*What you have to do*.
Given the records below, would you repeat exactly the lines that begin at the one containing "Yamaha Bb Trumpet - YTR 4335 GS II" and end at the one containing "The National Association", inclusive?
*** Extracted material ***
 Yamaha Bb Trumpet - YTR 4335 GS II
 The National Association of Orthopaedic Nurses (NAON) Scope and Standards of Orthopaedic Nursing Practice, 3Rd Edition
***
*** Extracted material ***
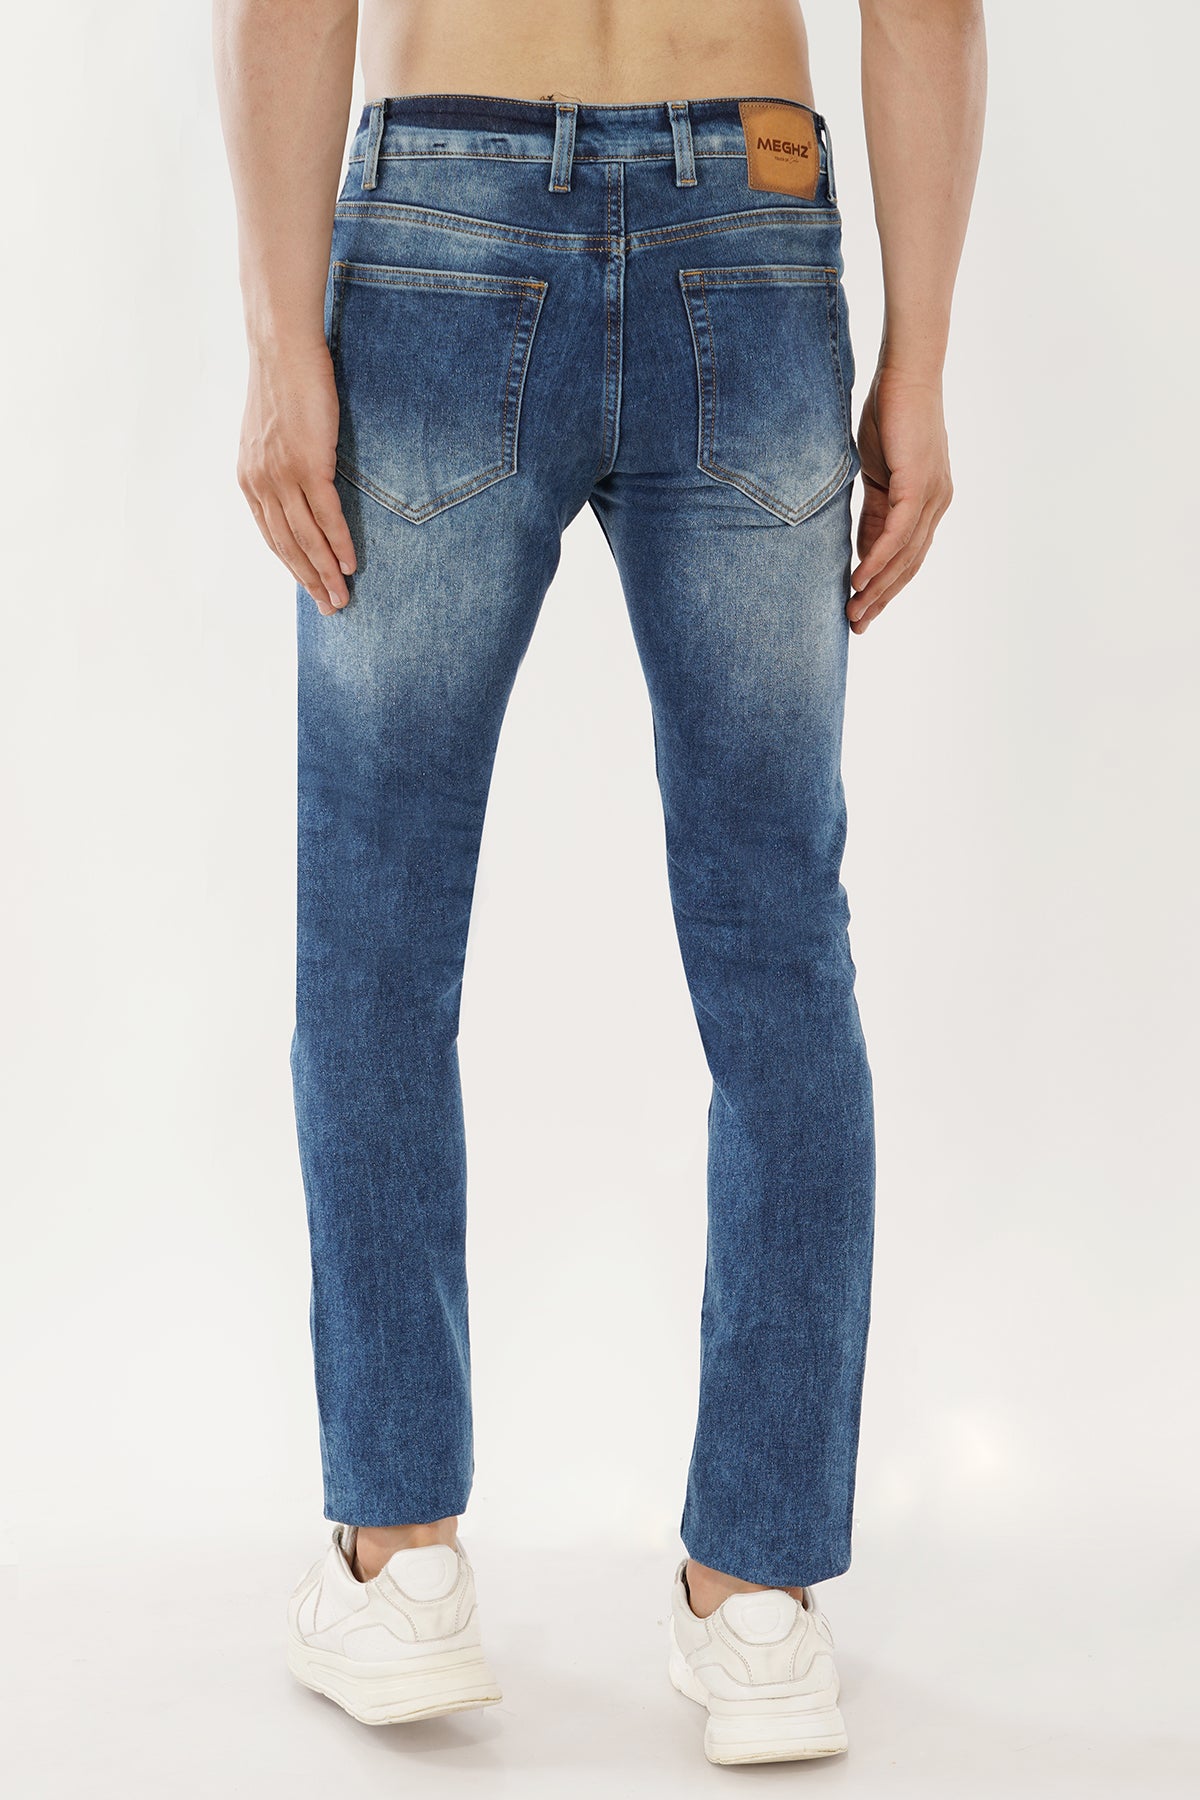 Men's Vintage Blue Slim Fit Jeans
***
*Response area*.
 Yamaha Bb Trumpet - YTR 4335 GS II
 The National Association of Orthopaedic Nurses (NAON) Scope and Standards of Orthopaedic Nursing Practice, 3Rd Edition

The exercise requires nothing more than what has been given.